Русская литературно-публицистическая критика начала XX века

Объективный смысл этих устремлений Блока как критика и публициста ясен, В конечном счете он заключался в том, чтобы, оставаясь на уровне духовной и эстетической культуры начала XX века и навыков «поэтической критики», опереться на высокие традиции русской литературы, в своей основе — гражданственной, демократической, озаряемой большими, «длинными» мыслями о человеке, народе, культуре, искусстве во взаимодействии всех этих сфер. Критика Блока представляется нам, — если рассматривать ее в максимальном обобщении, — призванной

к тому, чтобы сблизить «современность» и наследие «живого прошлого», о котором шла здесь речь, и вместе с тем нащупать связи «эстетики», как он ее понимал, и жизни своего времени, красоты и совести. И критическая проза Блока во многом выполнила это призвание, проникая, до предела своих возможностей, в ту «тайну полноты», которую так страстно искала, над которой билась русская культура прошлого и текущего столетия.

Сравнивая ее как целое с критическими и теоретическими произведениями других крупнейших поэтов-символистов, легко прийти к выводу, что эти произведения во многих отношениях внушительней

блоковской прозы.

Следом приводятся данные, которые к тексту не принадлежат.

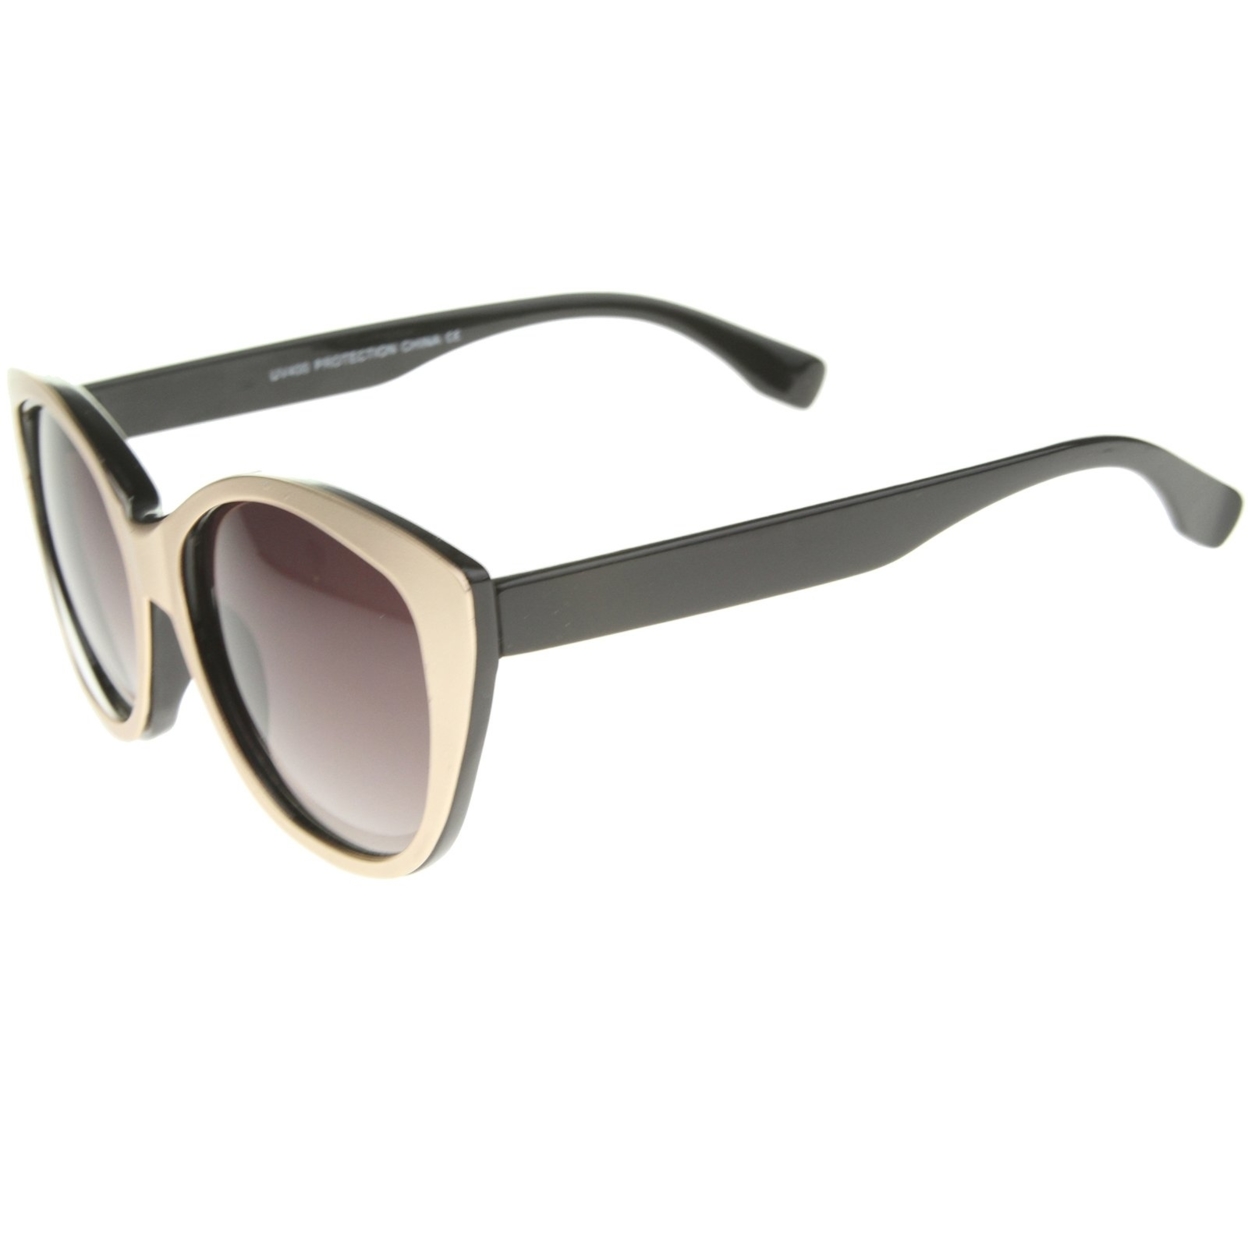 Women's High Fashion Two-Toned Tinted Lens Oversize Cat Eye Sunglasses 55mm - Black-Gunmetal / Smoke

Конечно, она в ряде своих аспектов не выдерживает сопоставления с критическими и историко-литературными сочинениями Врюсова, значительно превосходящими ее своим общим объемом, непрерывностью своего потока, широтой привлекаемого материала, степенью разработанности отдельных тем и логической отчетливостью в их подаче.

Марксистская, демократическая и либерально-демократическая пресса, выступая против модернизма и символизма широким фронтом, не считала нужным подробно рассматривать отдельные стороны этих явлений, такие как символистская критика, и поэтому почти полностью игнорировала критические и публицистические выступления Блока со всеми их отличительными признаками, в том числе и антимодернистскими тенденциями. Блок, конечно, воспринимался этой прессой как модернист, и его статьи подробно не рассматривались и не анализировались.

Но особенно показательно и важно для намеченных выше предварительных выводов отношение к блоковской критической прозе символистов. Вполне принимая и любя поэзию Блока, символисты почти не различали в его стихах того, что совпадало в них с содержанием его статей, и, даже при общем благожелательном подходе к нему, решительно не признавали его как критика. Они относились к статьям Блока — за редкими исключениями — иронически, с пренебрежением или нескрываемым раздражением, чаще всего обходили их молчанием, а в случае явного разногласия не удостаивали их серьезной полемики.

Понятно, что главной мишенью для литераторов, выступавших с аналогичных позиций, должны были служить и действительно служили прежде всего статьи Блока о народе и интеллигенции. В предисловии ко второму изданию этого цикла Блок вспоминает: «Критика редко встречала эти статьи с благосклонностью; на них было потрачено немало злобы в разных ее оттенках — от ненависти до презрительного снисхождения к «поэту» . К известным Блоку печатным высказываниям об этой группе статей можно присоединить и отзывы, оставшиеся за пределами печати. Эллис, например, в частном письме называл эти статьи Блока «идиотизмом вприсядку». Брюсов в 1910 году откликнулся на них едкой эпиграммой.

К этим голосам присоединился и Сергей Соловьев в полемическом отделе сборника своих стихов «Солдат» . Андрею Белому выступления Блока о народе и интеллигенции также не нравились.

Это оппозиционное, пренебрежительное или невнимательное отношение символистов к критической прозе Блока не может не привлекать внимания ее исследователя. Сама структура прозы Блока и его подход ко многим центральным для него и его современников вопросам показывают, что это отношение имело серьезные и в значительной мере идейные основания.